Materials and methods

Bacterial strains and growth maintenance

All C. difficile strains used in this study are listed in Table 1. Growth experiments were performed in a Coy anaerobic chamber under an atmosphere of ~1.0% H2, 5% CO2, and >90% N2. Strains were routinely maintained on BHIS agar (37 g/L brain heart infusion, 5 g/L yeast extract, 0.1% L-cysteine). When indicated, overnight cultures were prepared by inoculating 5 mL BHIS broth with single colonies of the appropriate strains followed by 16–24 h of incubation at 37 °C.

Broth microdilution assay

MICs were determined using a modified broth microdilution assay as per the CLSI M1133. Briefly, auranofin was dissolved in 100% dimethyl sulfoxide (DMSO) and subsequently diluted to achieve working stocks at 20× concentration in 50% DMSO. Similarly, fidaxomicin was dissolved in 100% DMSO while vancomycin hydrochloride was dissolved in deionized water. Diluted test compounds (5 μL) were mixed with 95 μL BHIS broth in triplicate in 96-well plate format. Plates were reduced overnight in the anaerobic chamber. On the day of experimentation, overnight cultures of all strains were diluted to match a 0.5 McFarland standard and were subsequently diluted again 15-fold using pre-reduced 0.85% NaCl. Diluted cells (10 μL) were used to inoculate 100 μL triplicate drug-broth mixtures in pre-reduced 96-well plates, which were then incubated in half-sealed plastic bags at 37 °C for 48 h. After incubation, the OD600 was recorded for all cultures and normalized by subtracting the mean OD600 of triplicate uninoculated BHIS broth controls (blank correction). MICs were scored as the lowest concentration of compound that resulted in non-turbid cultures as compared to uninoculated controls after 48 h. For all selenite supplementation experiments, the assay described above was performed with BHIS broth augmented with either 5 or 50 μM sodium selenite in triplicate. Blank corrections were done relative to the appropriate selenite concentration, as selenite imparts a slight red color to the medium. All experiments were performed twice. Statistical analysis (mean OD600 ± s.d.) was performed using GraphPad Prism 9.

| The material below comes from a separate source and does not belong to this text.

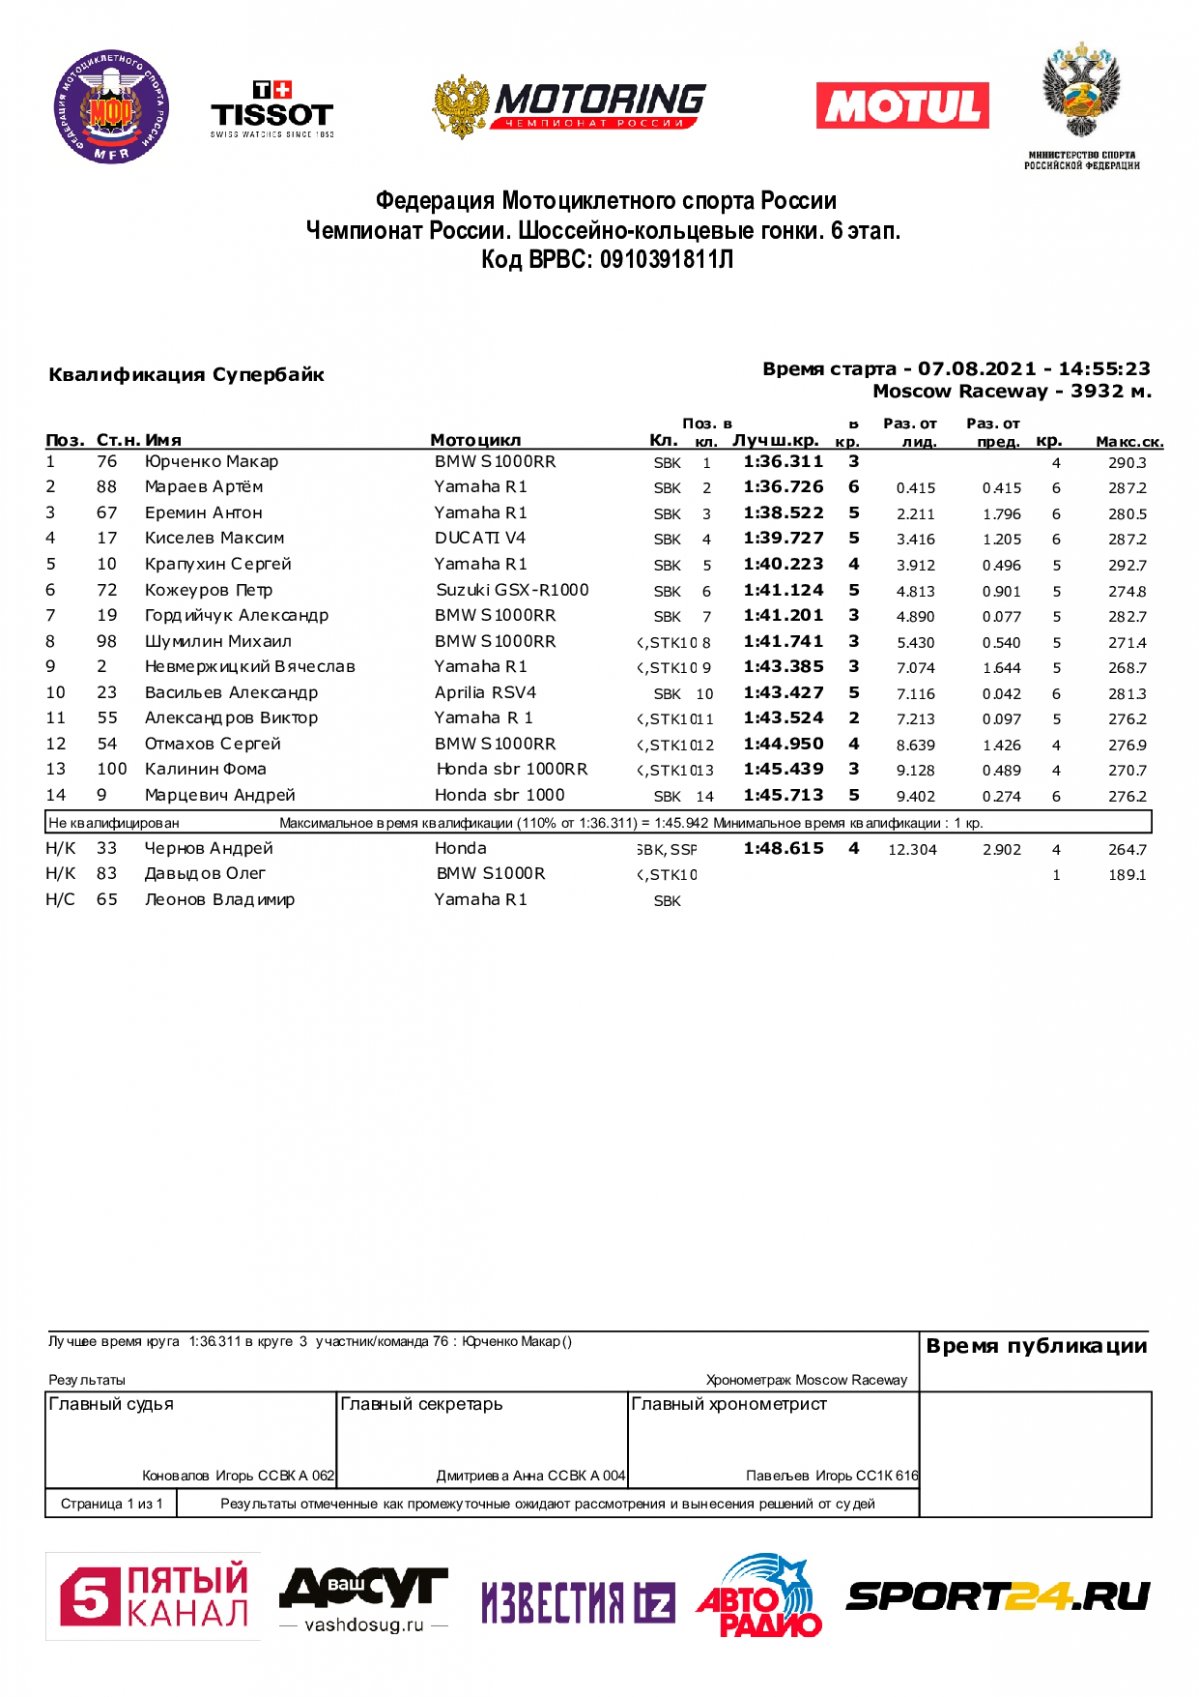 Результаты квалификации 6-го этапа чемпионата России по супербайку, Moscow Raceway

Selenite sensitivity assay

Overnight cultures of all strains were diluted 100-fold in BHIS broth augmented with 0, 5, 10, 25, 50, or 100 µM sodium selenite in triplicate. Diluted cultures were grown for 24 h at 37 °C. The OD600 was recorded for all cultures at the end of the growth period. Blank corrections were done relative to the appropriate selenite concentration as described above. The experiment was performed twice. Statistical analysis (mean OD600 ± s.d.) was performed using GraphPad Prism 9.